» **TASK PROMPT**
What is needed is an exact reproduction of the listing, without its pictures.

» **PROVIDED DATA**

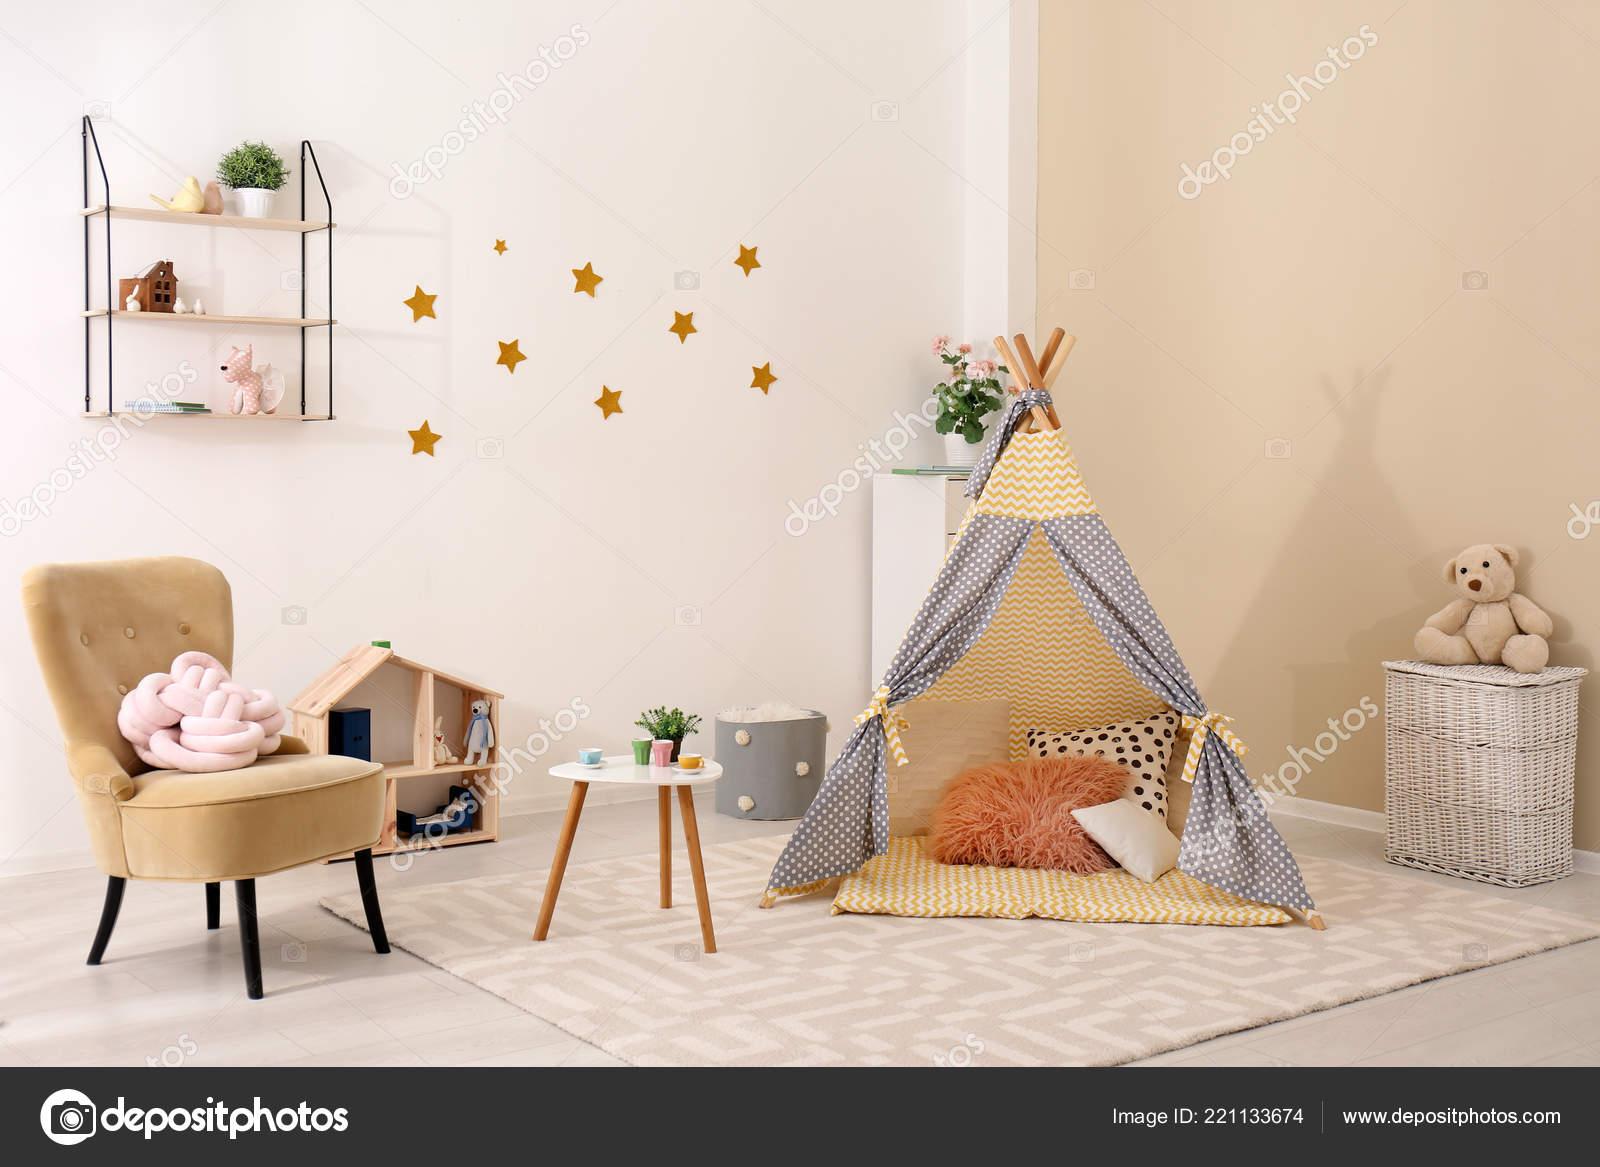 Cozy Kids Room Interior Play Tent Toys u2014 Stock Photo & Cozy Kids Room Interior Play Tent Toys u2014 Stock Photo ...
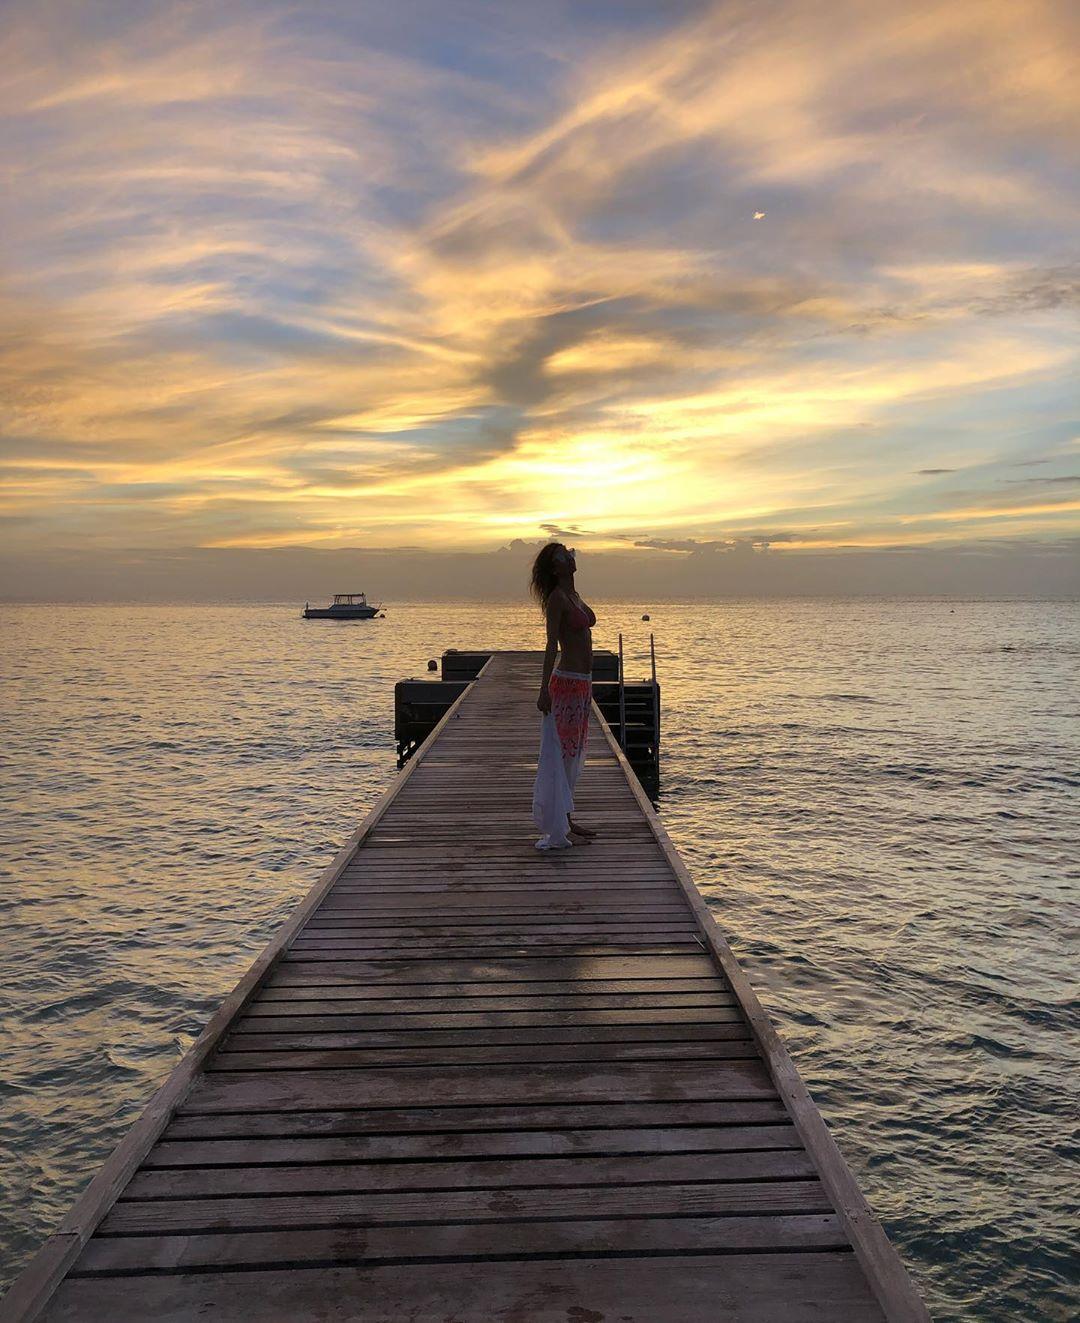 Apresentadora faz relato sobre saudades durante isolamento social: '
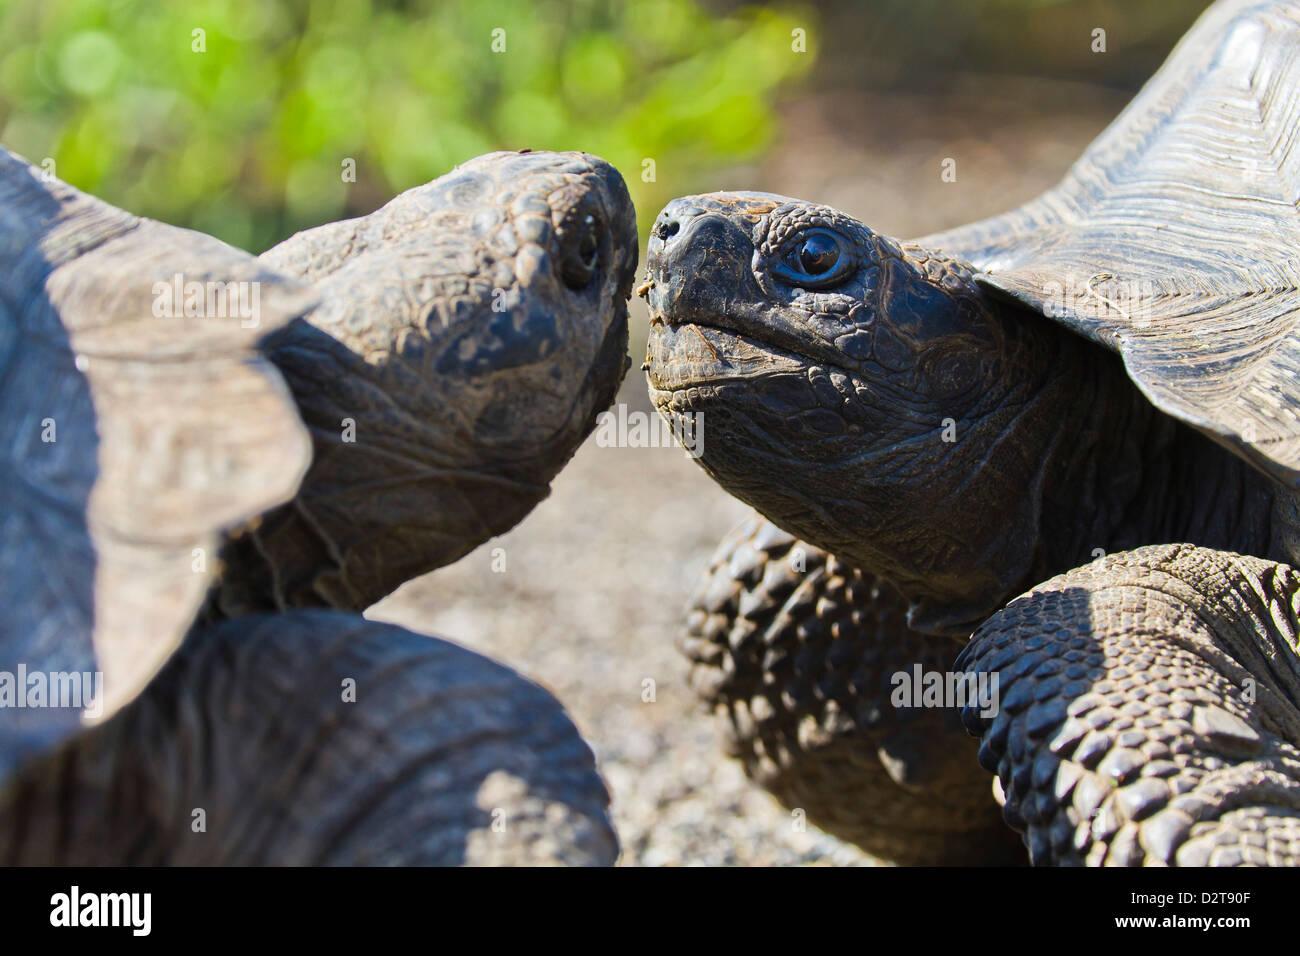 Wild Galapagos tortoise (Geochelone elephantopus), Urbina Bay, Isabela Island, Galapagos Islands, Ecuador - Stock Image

» **PROBLEM SOLUTION**
 Cozy Kids Room Interior Play Tent Toys u2014 Stock Photo & Cozy Kids Room Interior Play Tent Toys u2014 Stock Photo ...
 Apresentadora faz relato sobre saudades durante isolamento social: '
 Wild Galapagos tortoise (Geochelone elephantopus), Urbina Bay, Isabela Island, Galapagos Islands, Ecuador - Stock Image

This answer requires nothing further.